With ample encouragement, IAD transitioned from Pittsburgh’s South Side to the serene outskirts of Atlanta – an existence he laughingly dubbs “country life.”
“[Austin] treats me with respect. I’ve imbibed numerous lessons from him. To label him merely a producer would undersell our friendship, while to limit him to a friend would undermine his role as a producer.”
Now, diligently bettering himself and his music, IAMDouglas is on the precipice of releasing his new single, “Sex With Strangers.” The dark and undone story chronicles that not-so-long-ago relationship that sent his life into a spiral – both a blessing and a curse for the artist at large. The narrative initiates with an unexpected acoustic guitar that calms the nerves before the throbbing beat begins to mimic a racing heart, an all too-appropriate sonic sensation.
Then, with palpable pain in his voice, IAMDouglas begins to tell the story of a relationship wherein the allure of substances eclipsed affection. If you listen closely, you can almost hear soft screams – veiled suffering – emanating from his smooth, controlled vocals.
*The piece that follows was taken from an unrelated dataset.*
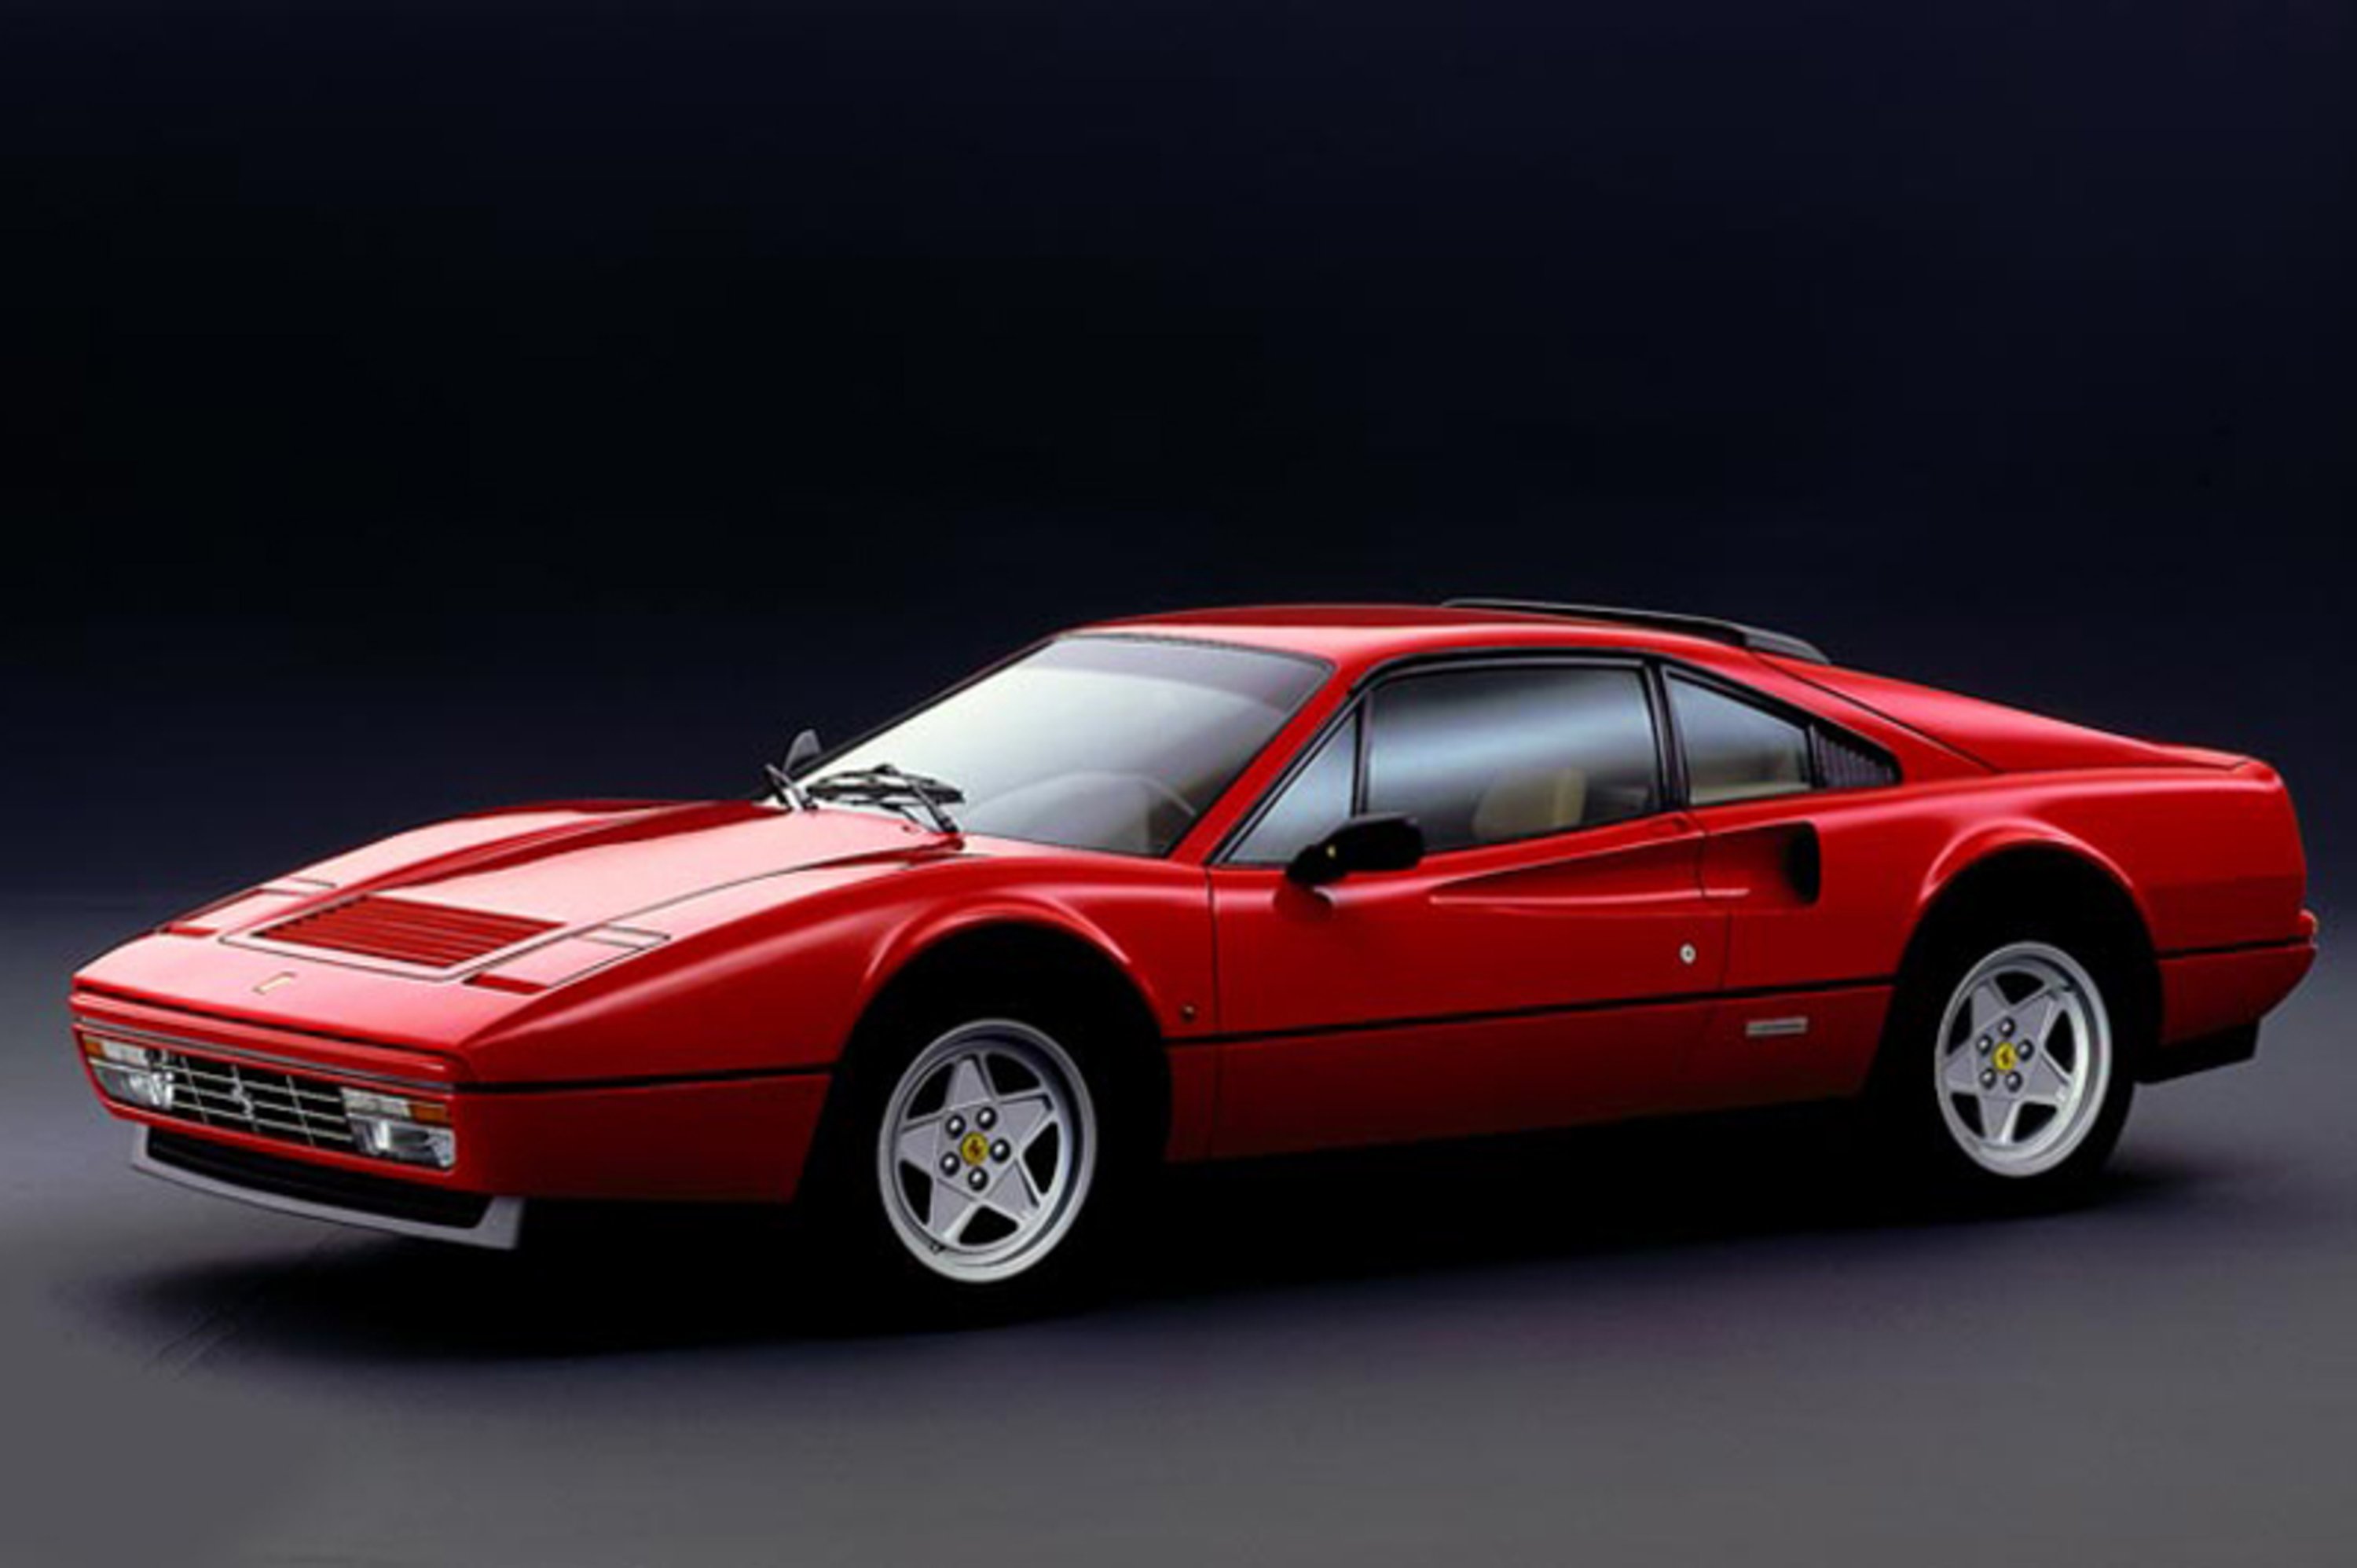 Ferrari 328 (1985-89)

Fortunately, as IAMDouglas continues his journey upward and inward – away from the pain of his past and towards new experiences, but always remembering his origins – he harbors an ultimate goal:
“Somewhere out there, a youngster – perhaps in Idaho – is seated in his room as we converse. He might be at that juncture where he feels misunderstood. I’ve walked that path. My ambition is to achieve widespread recognition, so that this young soul realizes he’s not alone.”